The relationship, really, was doomed from the start. Golden State had a strong core, with Draymond Green and a returning Klay Thompson supporting Curry. The Warriors envisioned Kuminga, who grew up in the Democratic Republic of Congo, would grow into a star who would be a fixture in their next core. They revamped their development staff, coaxing Jama Mahlalela, another native of Africa, from the Toronto Raptors, to foster JK’s development.
Mahlalela lasted two seasons before going back to Toronto.
Kuminga remained on the roster, growing increasingly frustrated with shuttling in and out of the starting lineup and being in and out of team’s rotation.
Either Kuminga or coach Steve Kerr had to make an adjustment, and it wasn’t going to be Kerr.
Golden State, under Kerr, operates with the same offensive formula that in 2015 brought the franchise its first championship in 40 years, followed by three more, and delivered five consecutive trips to the NBA Finals. The Warriors are a band, and Stephen Curry is the lead singer whose mere presence makes offense easier for his teammates.
Aafter Curry went down with a hamstring injury last May in Game 1 of the Western Conference semifinals against the Minnesota Timberwolves, and Kuminga came out of deep freeze to put up four potent scoring performances in losses, Kerr doubled down on his commitment to the Curry-centric blueprint.
“Here’s what I know: We have Steph Curry on our team, who’s one of the greatest players of all time,” Kerr said. “He’s also maybe the most unique superstar of all time.
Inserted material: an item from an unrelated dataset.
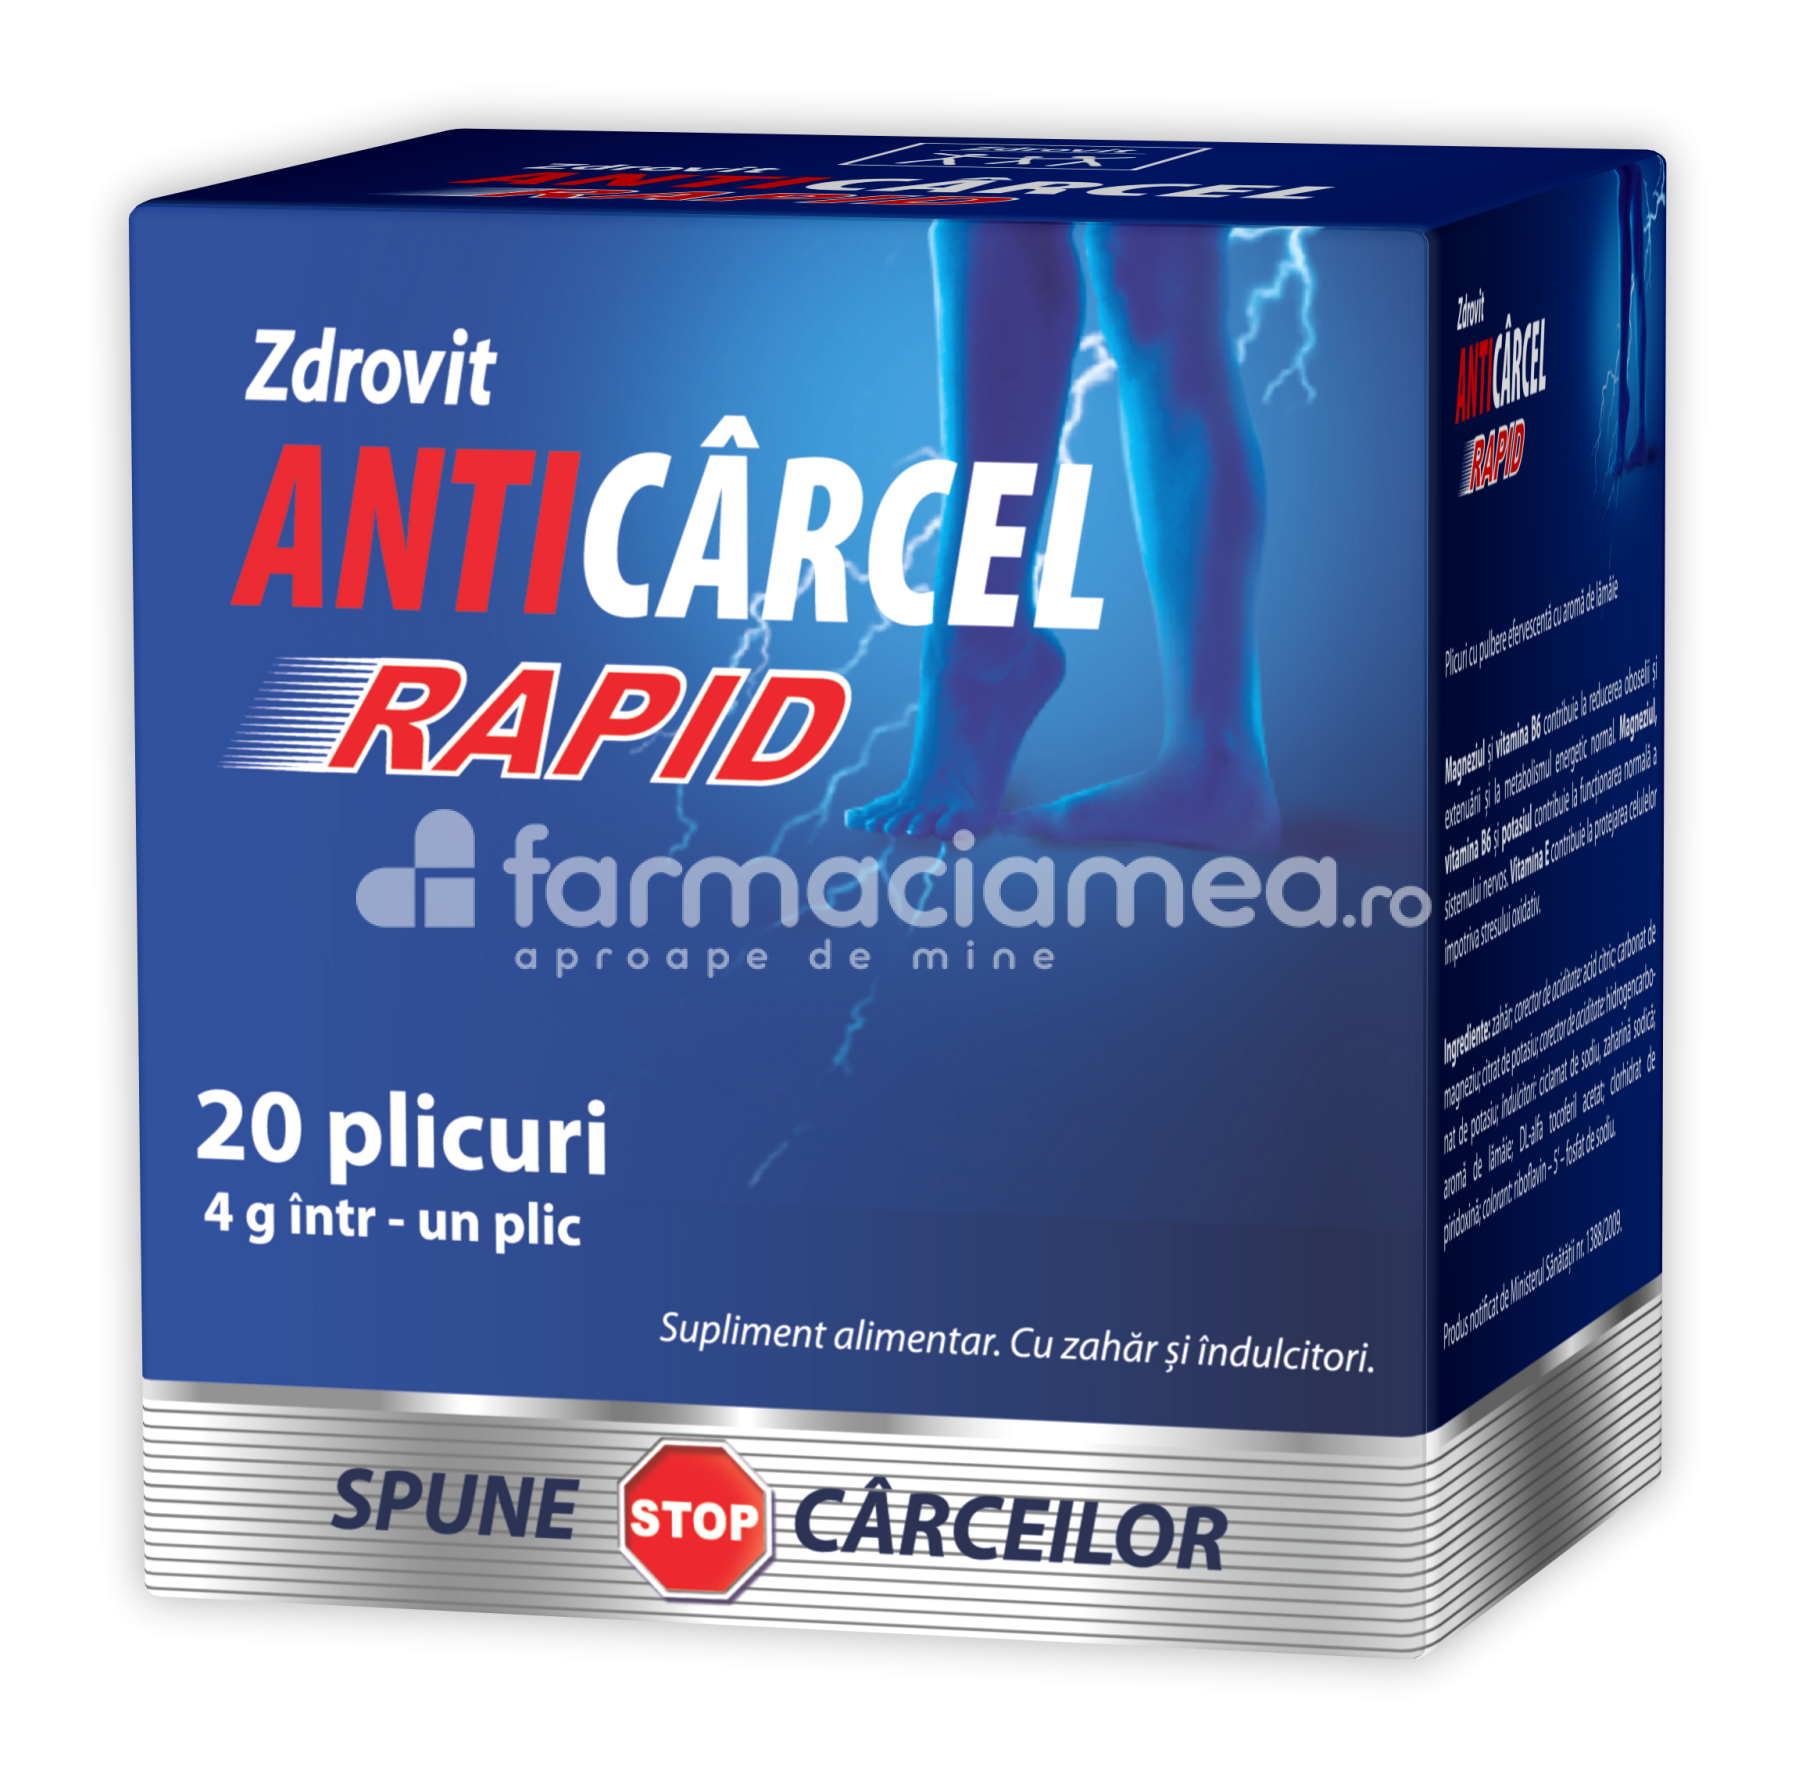 Anticârcel - Anticarcel Rapid combate crampele musculare, 20 de plicuri, Zdrovit, farmaciamea.ro

What makes him special is his on- and off-ball prowess. The best way to maximize Steph is to put him in pick-and-roll and then to have him fly off screens. I think that’s been proven over the last decade how powerful that can be.
“He is our sun. This is the solar system. He is our sun. You’re not going to duplicate Steph any time soon.”
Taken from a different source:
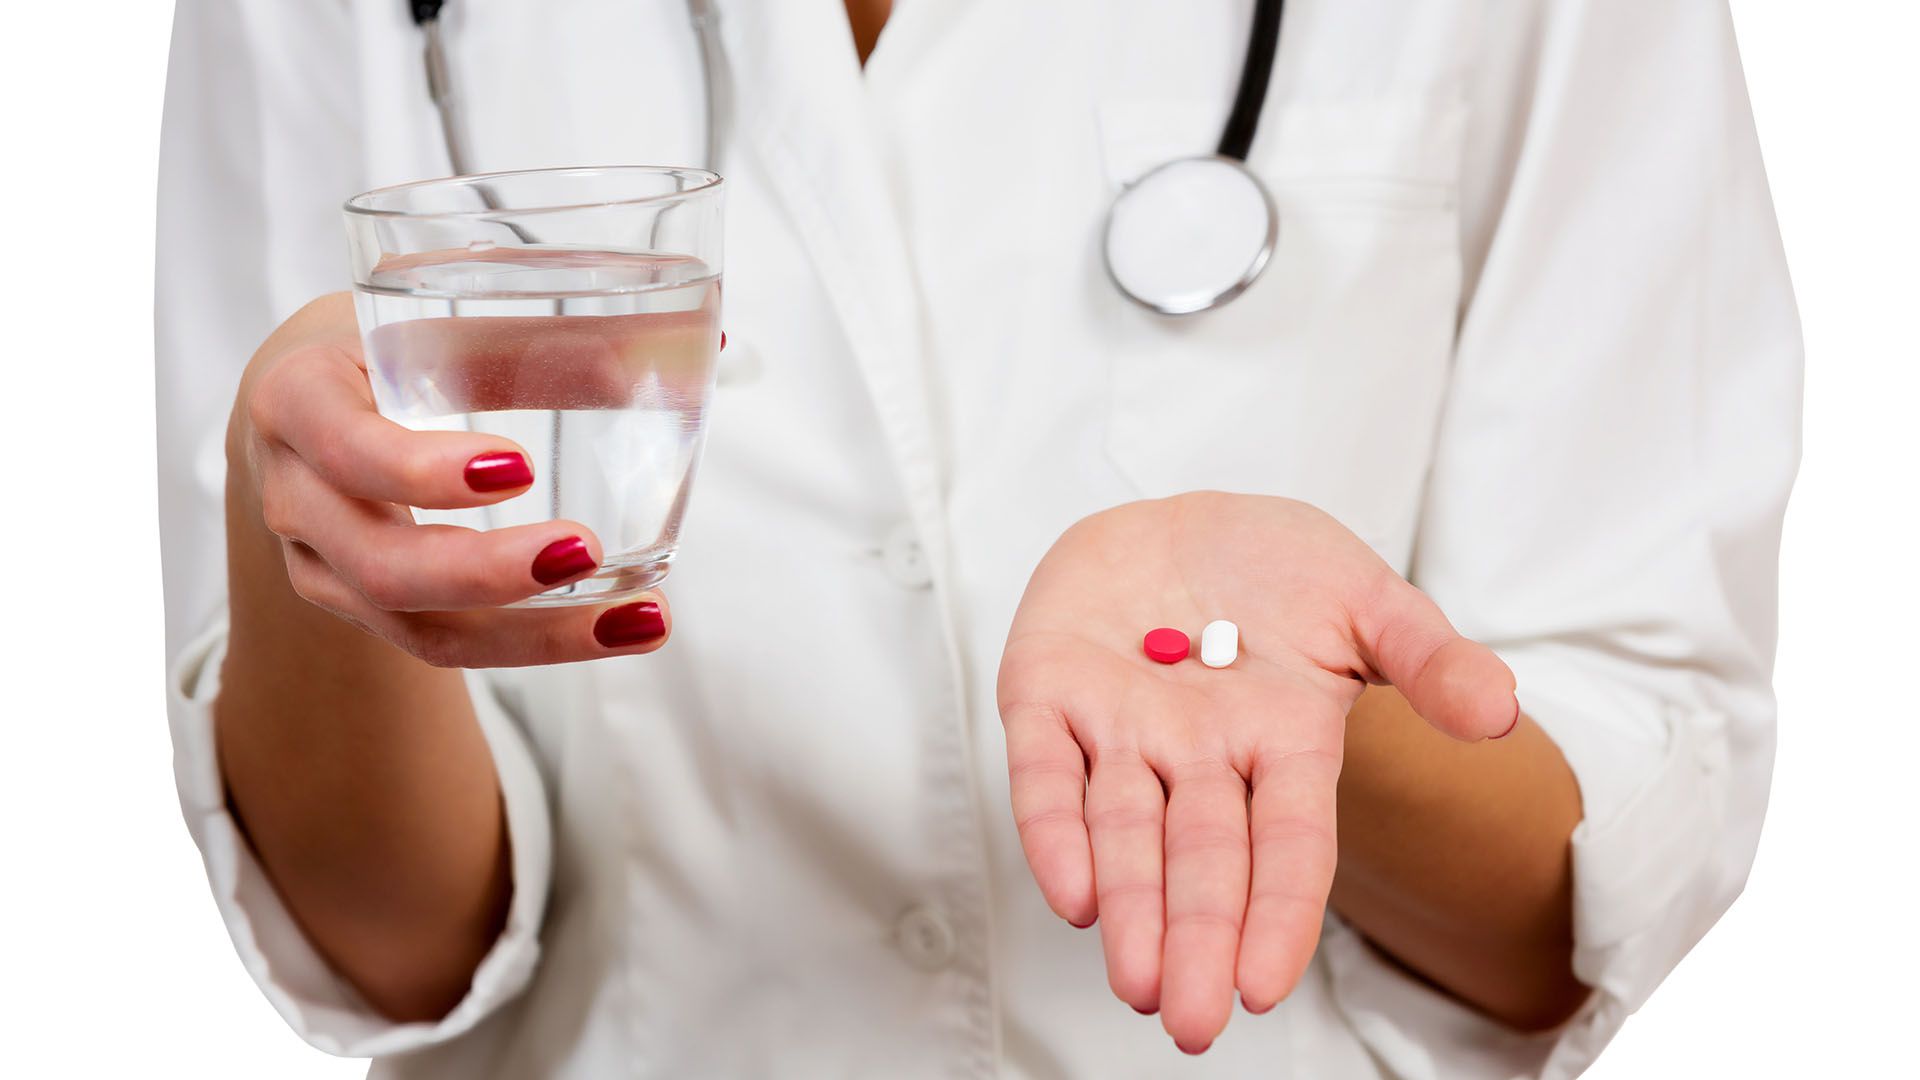 La Anmat aprobó en el último año dos medicamentos para perder peso (Shutterstock)

Kuminga at his best is a solo artist on offense. Give him the ball, let him work inside the arc and perhaps be rewarded. In four-plus years with the Warriors, JK proved to be a misfit within a system that is most effective with players – including future Hall of Fame scorers Kevin Durant and Klay Thompson – able to decipher how to best exploit Curry’s gravity and manipulation of defenses.
Kuminga yearned to hold the mic that, by design, belonged in the hands of Curry.
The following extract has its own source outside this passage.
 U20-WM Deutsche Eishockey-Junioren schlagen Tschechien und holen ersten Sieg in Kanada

“I’m probably disappointed it hasn’t worked out better,” general manager Mike Dunleavy said of the Warriors-Kuminga venture. “But, you know, it is what it is.”
It didn’t work out better because it was a gamble from the start. Kuminga was too raw to offer much to the Curry-Green-Thompson core. When Thompson left to join the Dallas Mavericks in the summer of2024, Kuminga still had not become the player the Warriors imagined he’d be.
Maybe he will become a star in Atlanta – and I hope he does – but it surely was not going to happen with Golden State.